Recruiting efforts will continue next week at the NYU Institute on State and Local Taxation.
Survey Time: Model Sales Tax Nexus Statute Goes to the States
The Executive Committee voted to send its Model Sales and Use Tax Nexus Statute to a Bylaw Survey VII study, which gauges state interest in enacting the model. This is the next procedural hurdle to overcome before the proposed statute is adopted by the MTC. In effect, Bylaw VII surveys are a way for the MTC to portend the adoption of a recommendation by the Executive Committee. A Bylaw VII survey is a poll of the MTC member states regarding whether they would “consider adopting” a draft proposal relating to uniform or compatible tax laws, regulations or administrative practices—not whether they will, in fact, adopt the proposal. Should a majority of the MTC member states polled report that they would consider adopting the draft proposal, the proposal is referred to the MTC for possible adoption as a uniformity recommendation.

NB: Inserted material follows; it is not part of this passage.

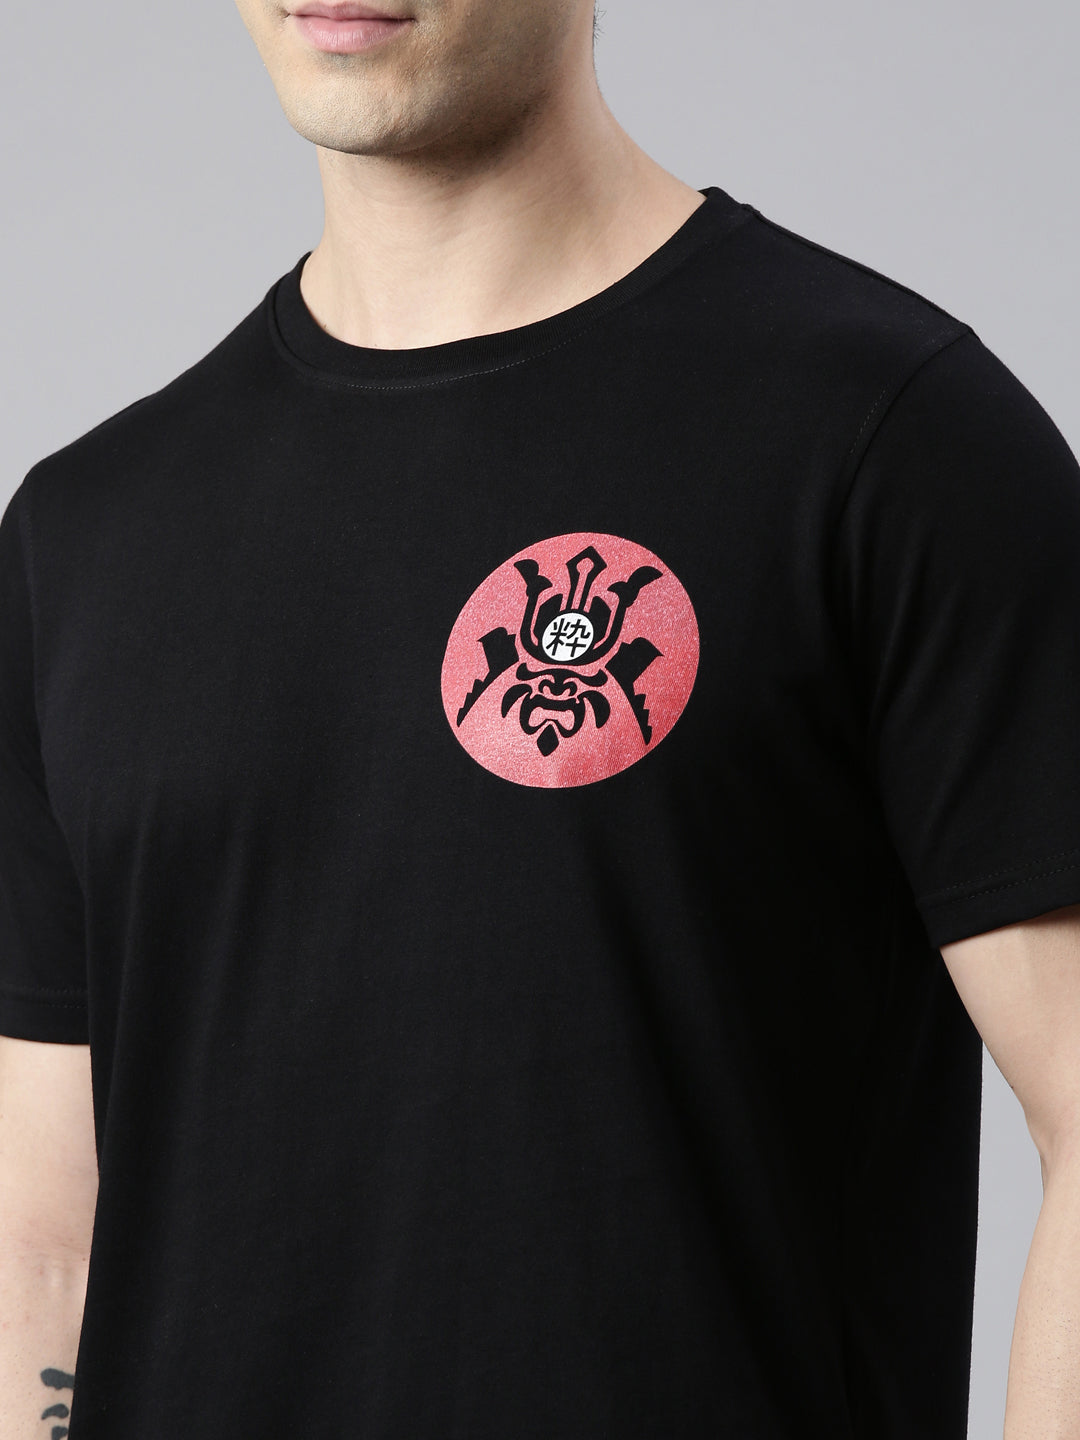 Know Bad Daze Shirt Size Large Anime Skateboard | eBay
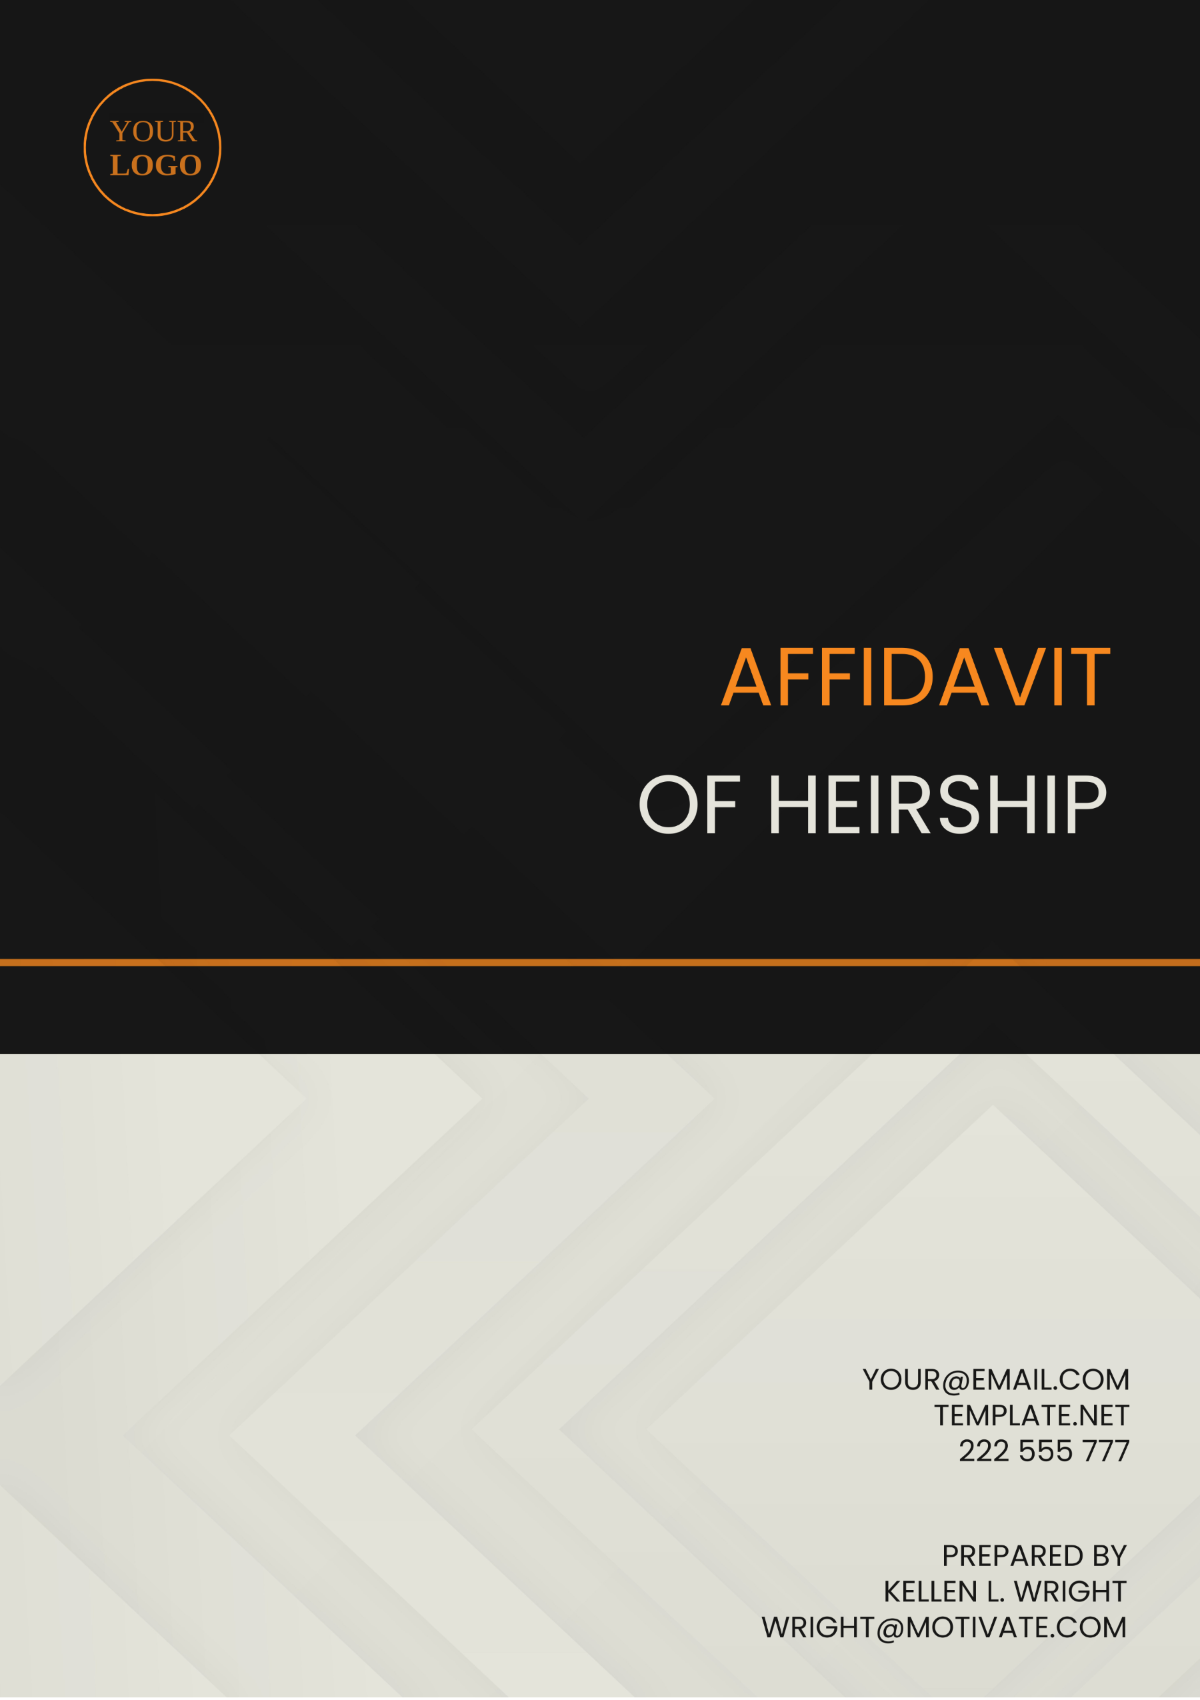 Affidavit of Heirship Template

The Model Sales Tax Nexus Statute articulates several ways in which a remote seller is deemed “engaged in business” in a state in which it is not physically present. The statute extends the U.S. Supreme Court’s holdings in Tyler Pipe v. Washington, 483 U.S. 232 (1987), and Script v. Carson, 362 U.S. 207 (1960)—which held that activities by in-state representatives can attribute nexus to the out-of-state party—to activities conducted through the Internet. With states continuing to express dissatisfaction with the U.S. Supreme Court’s current sales tax jurisprudence, states are looking for new ways to chip away at the physical presence requirement upheld in Quill Corp. v. North Dakota, 504 U.S. 298 (1992). The Model Sales Tax Nexus Statute could be another way of doing so, and the Executive Committee specifically noted that some states have expressed a desire to use the model in that fashion.
If a majority of the states indicate that they would consider adopting this provision, the Model Sales Tax Nexus Statute would likely go before the Executive Committee for a final vote at the July 2016 meeting.
Almost There: Uniformity Committee Completes Draft of Market Sourcing Regulations, Set to Enter Public Comment Phase
Yesterday, the MTC’s Uniformity Committee approved draft market-based sourcing regulations and definitions. Since November 5, 2014, a working group with representatives from across the nation has met weekly to discuss and draft a model market-based sourcing regulation to implement changes to the sourcing of sales other than sales of tangible property under Article IV, Section 17 of the Multistate Tax Compact. The working group used Massachusetts market-based sourcing regulation (830 CMR 63.38.1) as a starting point for draft language and discussion points. After more than a year of meetings, the Uniformity Committee completed and approved the draft market-based sourcing rules and definitions.
Although the Uniformity Committee has completed the draft, the process for finalizing the draft is far from over. Importantly, the MTC must provide a 30-day notice for public comment on the regulations before the Executive Committee can approve the regulations. The Executive Committee does not meet in person again until May 2016. Matson determined that the most efficient way to meet the procedural hurdles to vote on the regulation when the MTC convenes its annual meeting in July 2016 is to finalize the time for public hearing and comment via a teleconference in early 2016. When the period is finalized and announced, the public can submit comments regarding the draft regulations.